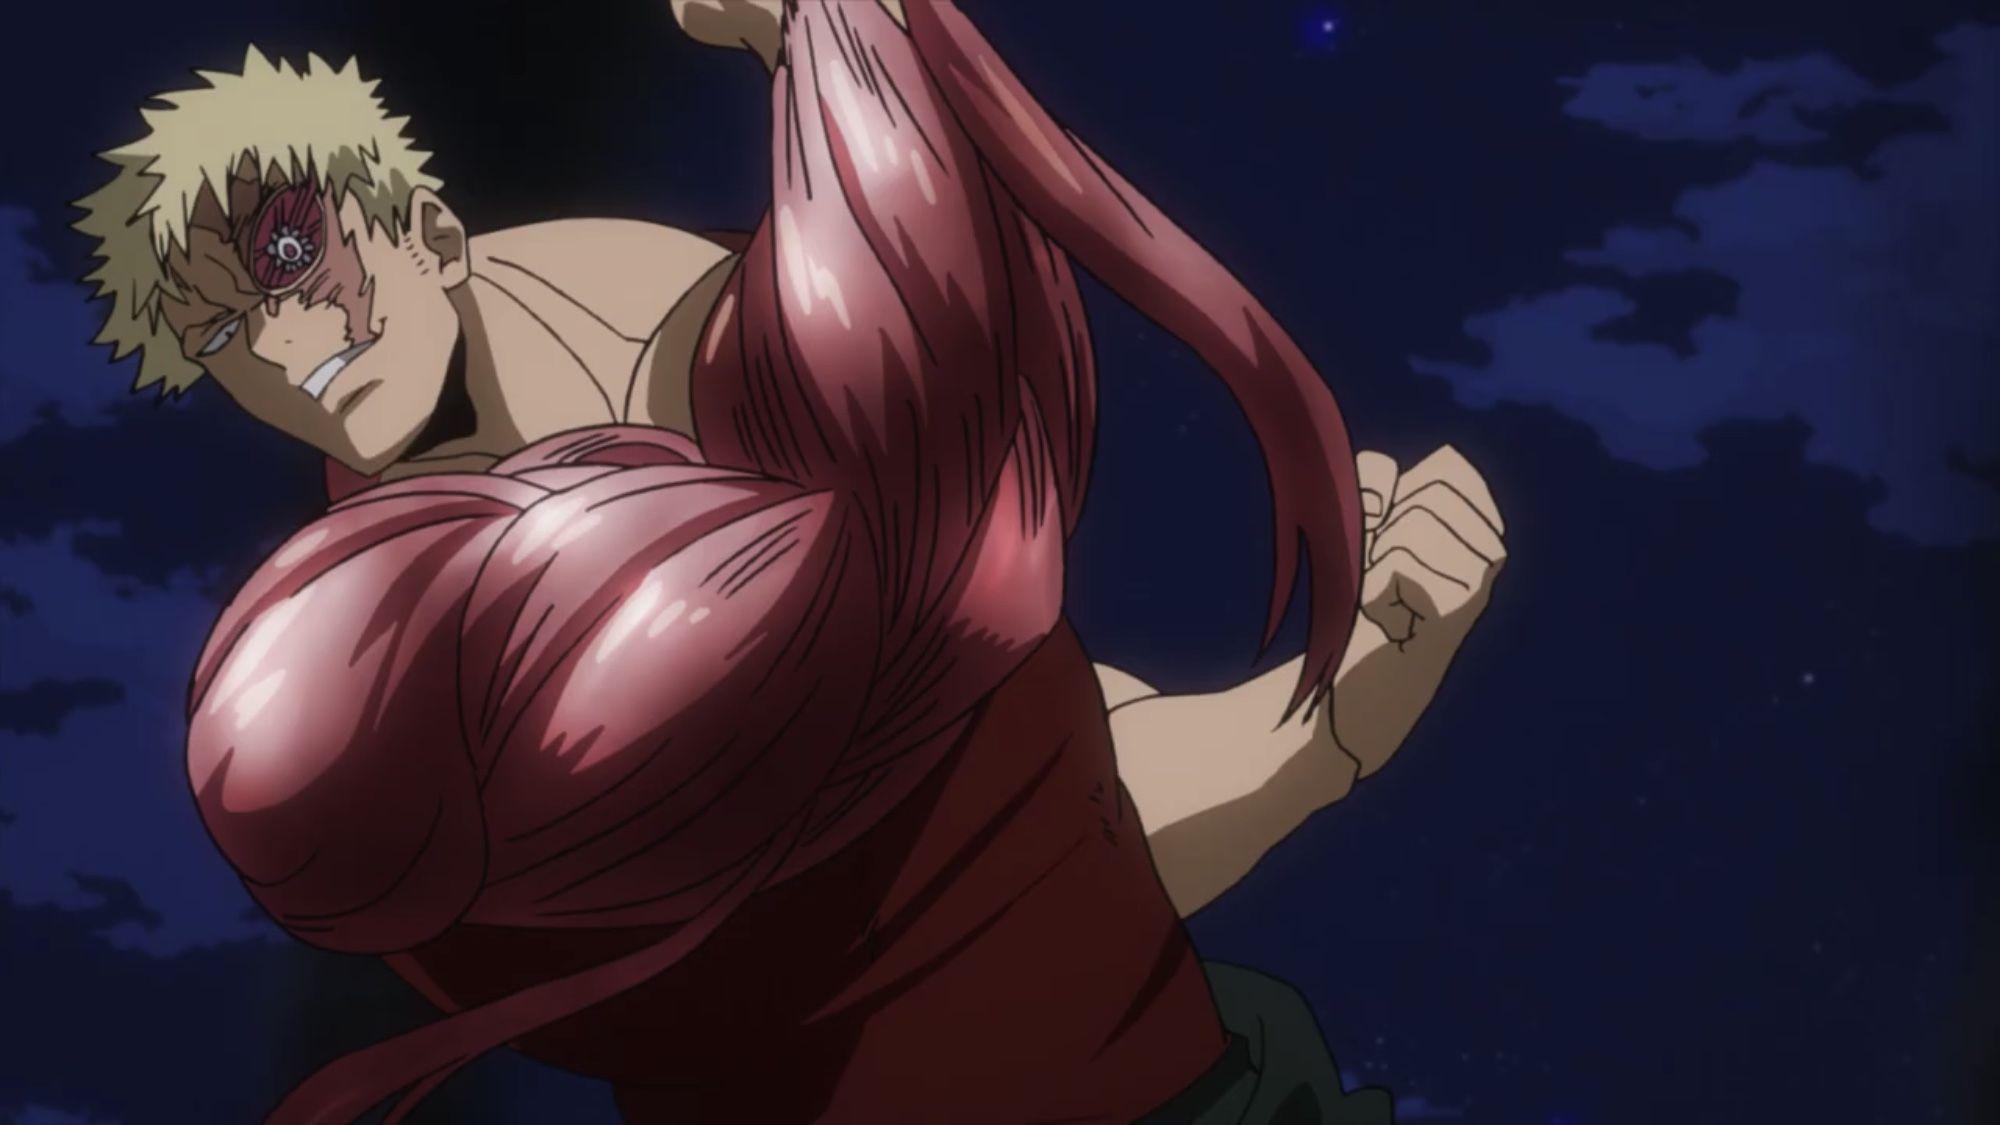 Muscular Boku No Hero Academia Hero My Hero Academia Boku No Hero Academia
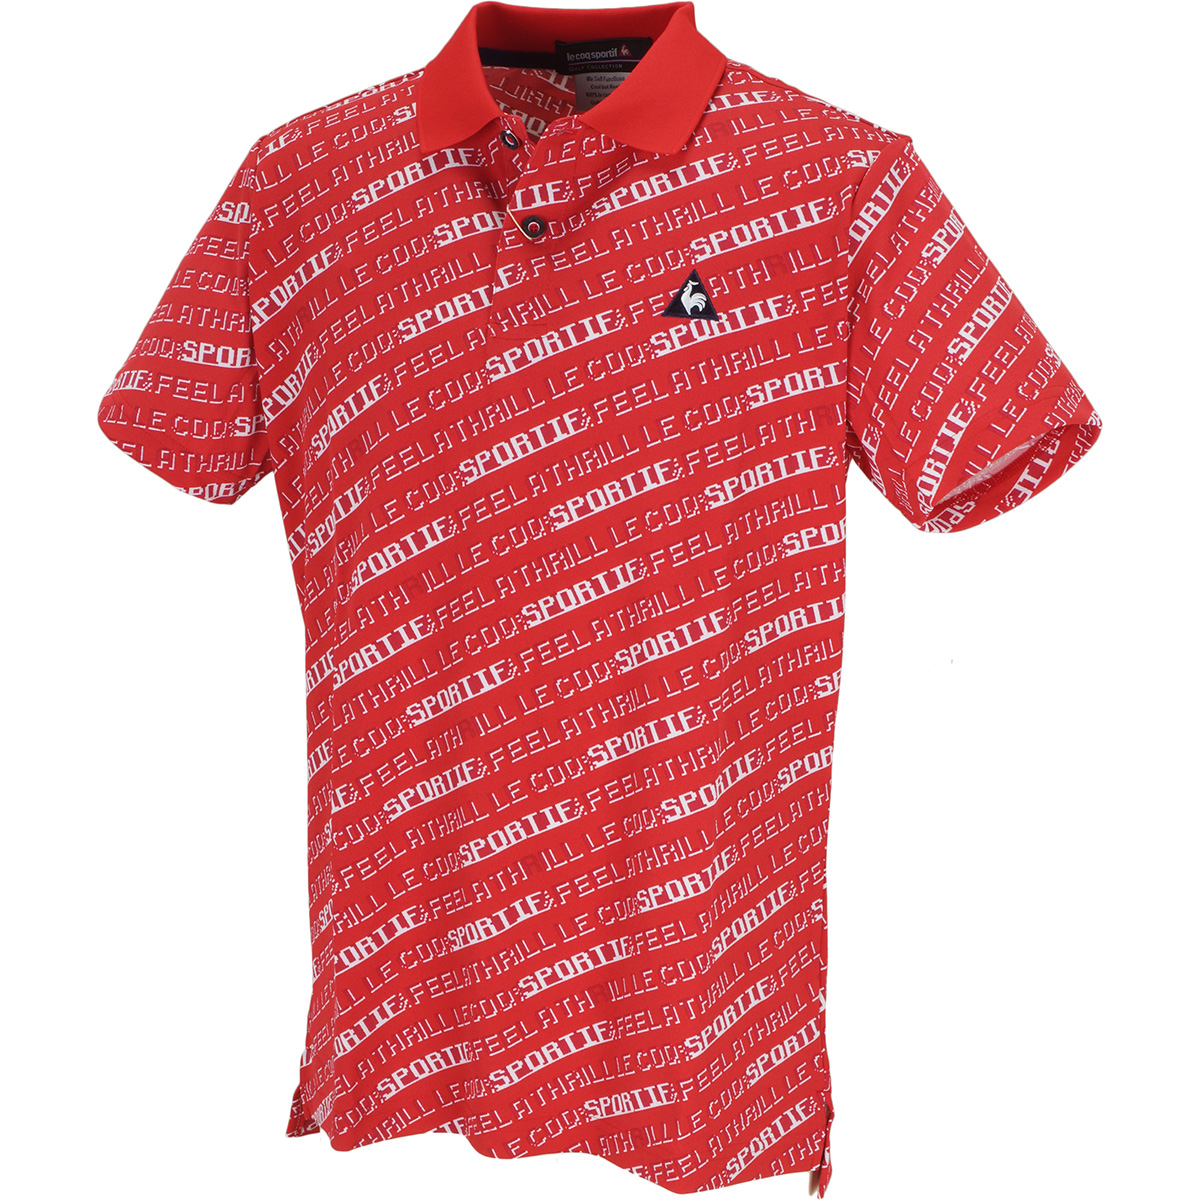 8bitロゴプリント 半袖ポロシャツ
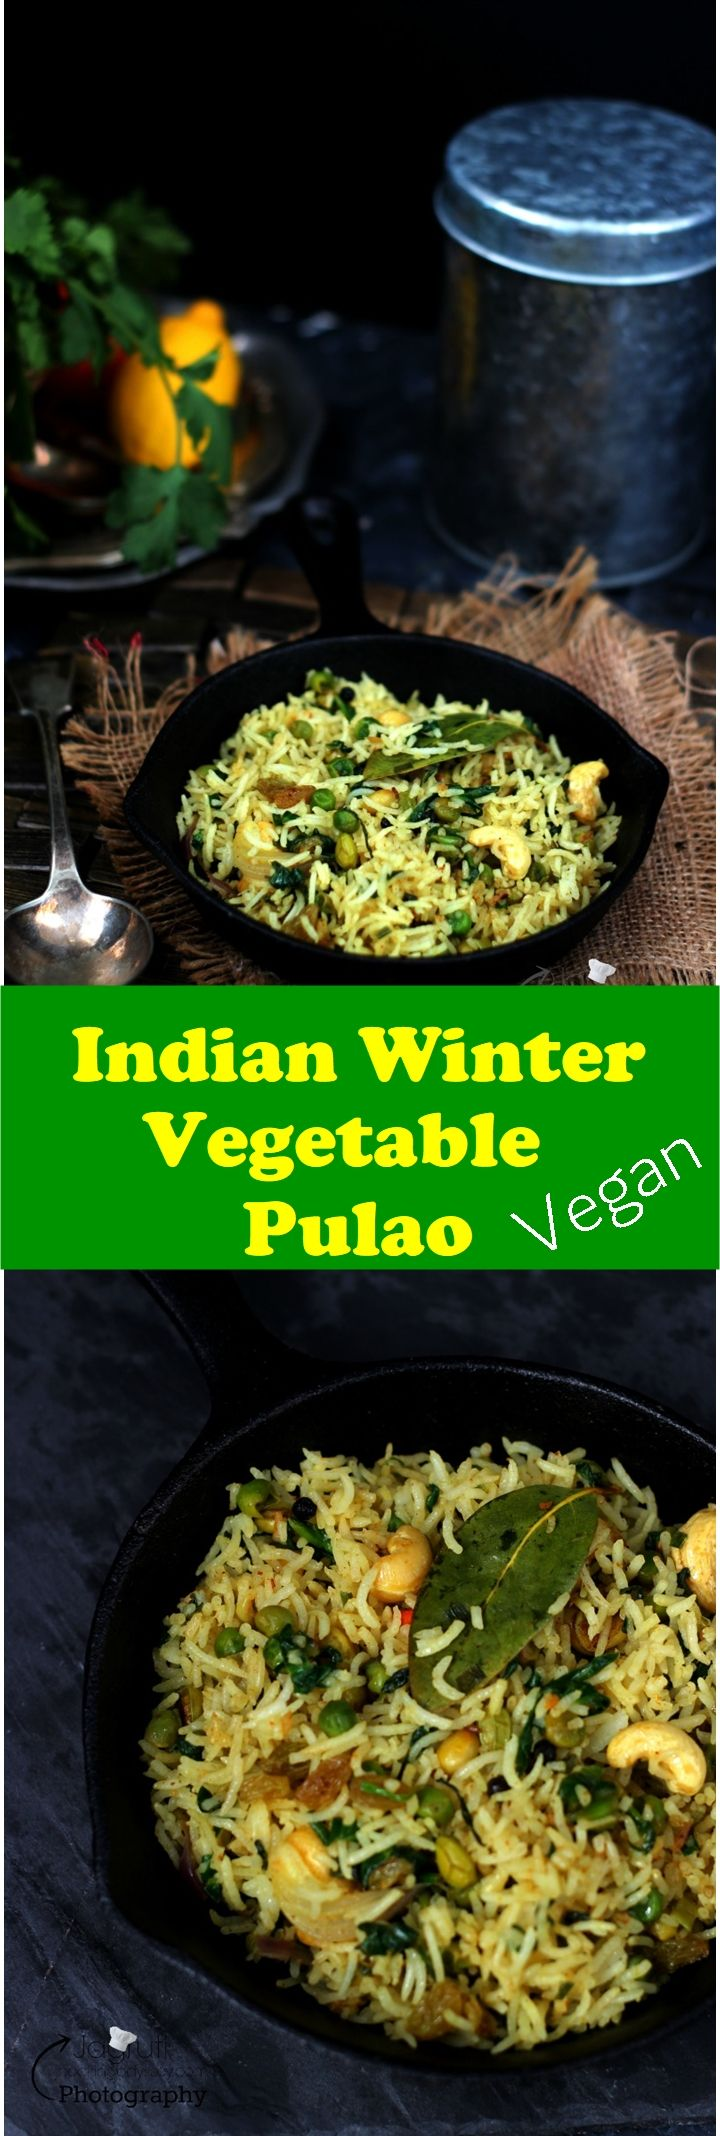 Vegan Indian Winter Vegetable Pulao
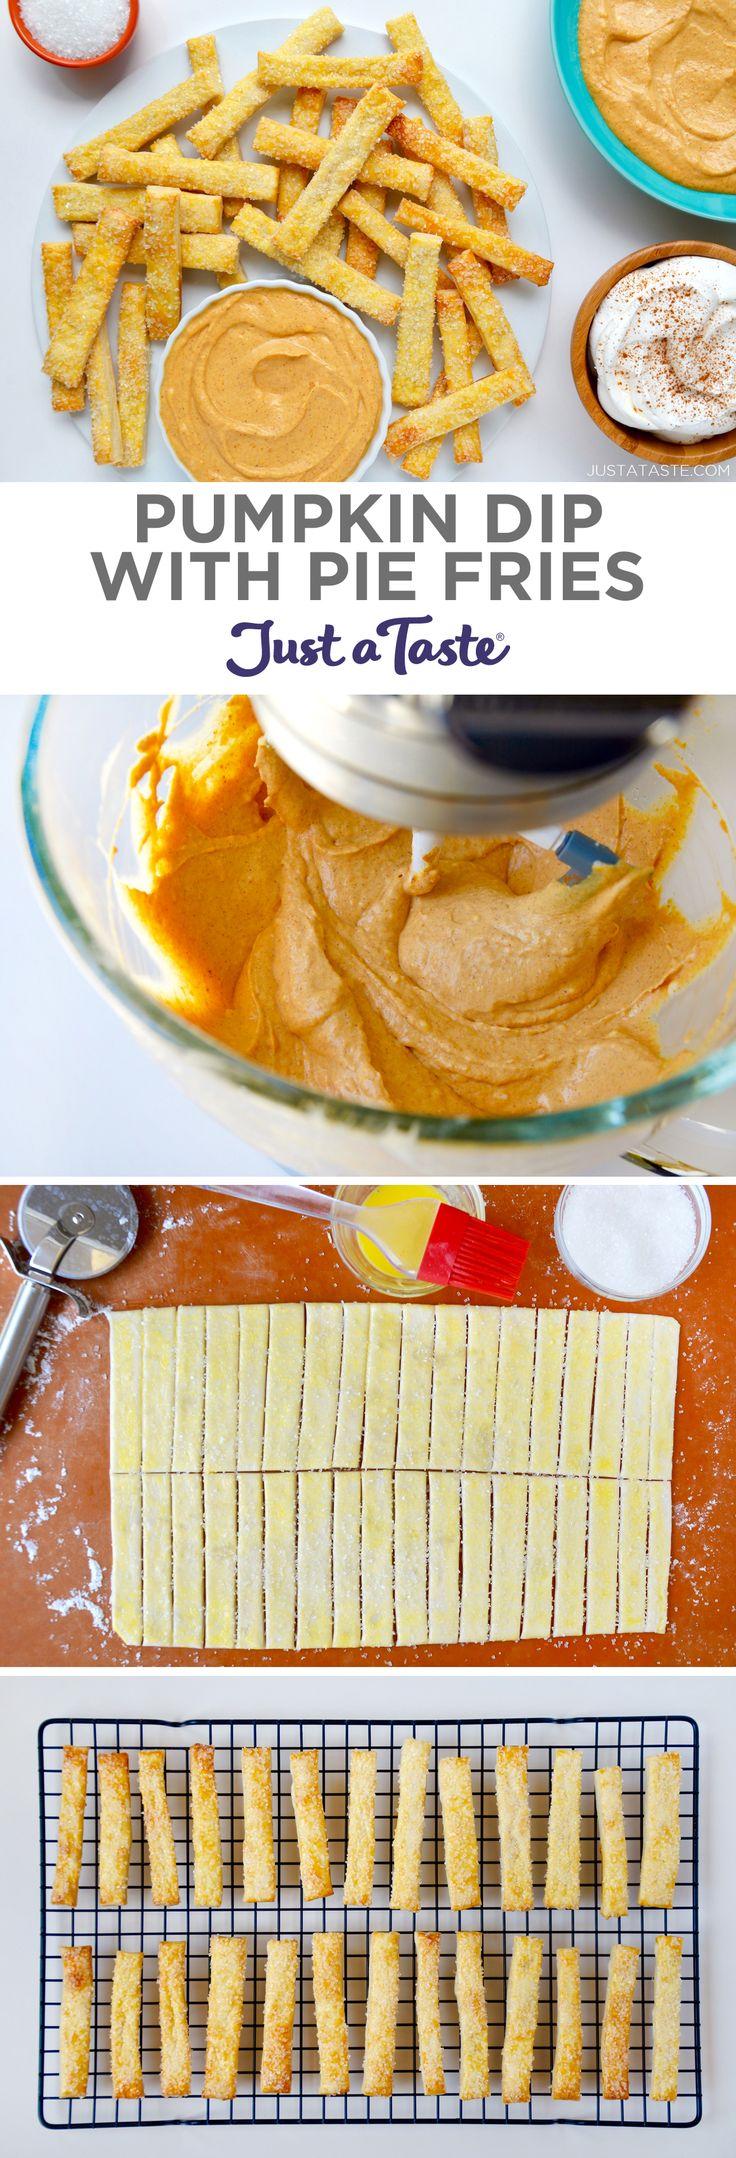 "Pumpkin Dip with Pie ""Fries"" justataste.com #pumpkin #recipe #thanksgiving"
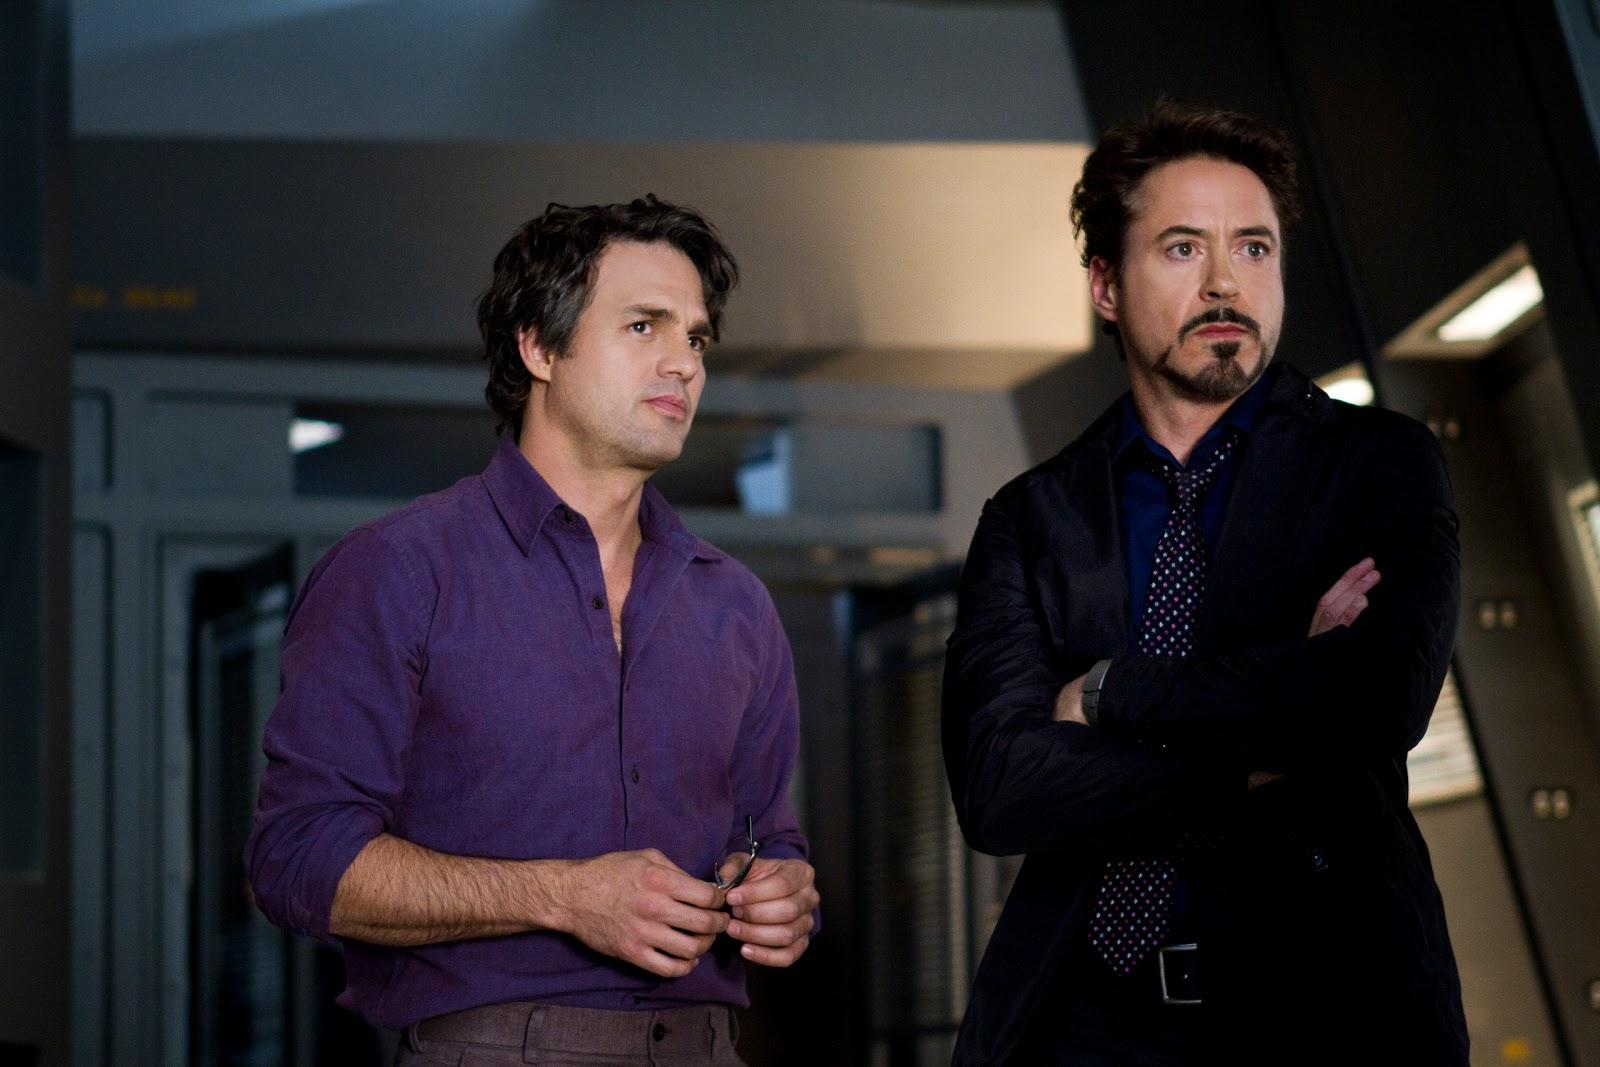 http://4.bp.blogspot.com/-P3T0iSy4tQQ/TzBi2n6Ss7I/AAAAAAAAAtI/ud8QhiR-DT4/s1600/Avengers.+Mark+Ruffalo+and+Robert+Downey+jr..jpg

- **TASK BRIEF**:
Quote the data above in full and without alteration; skip the pictures.

- **EXERCISE ANSWER**:
 Muscular Boku No Hero Academia Hero My Hero Academia Boku No Hero Academia
 8bitロゴプリント 半袖ポロシャツ
 Vegan Indian Winter Vegetable Pulao
 "Pumpkin Dip with Pie ""Fries"" justataste.com #pumpkin #recipe #thanksgiving"
 http://4.bp.blogspot.com/-P3T0iSy4tQQ/TzBi2n6Ss7I/AAAAAAAAAtI/ud8QhiR-DT4/s1600/Avengers.+Mark+Ruffalo+and+Robert+Downey+jr..jpg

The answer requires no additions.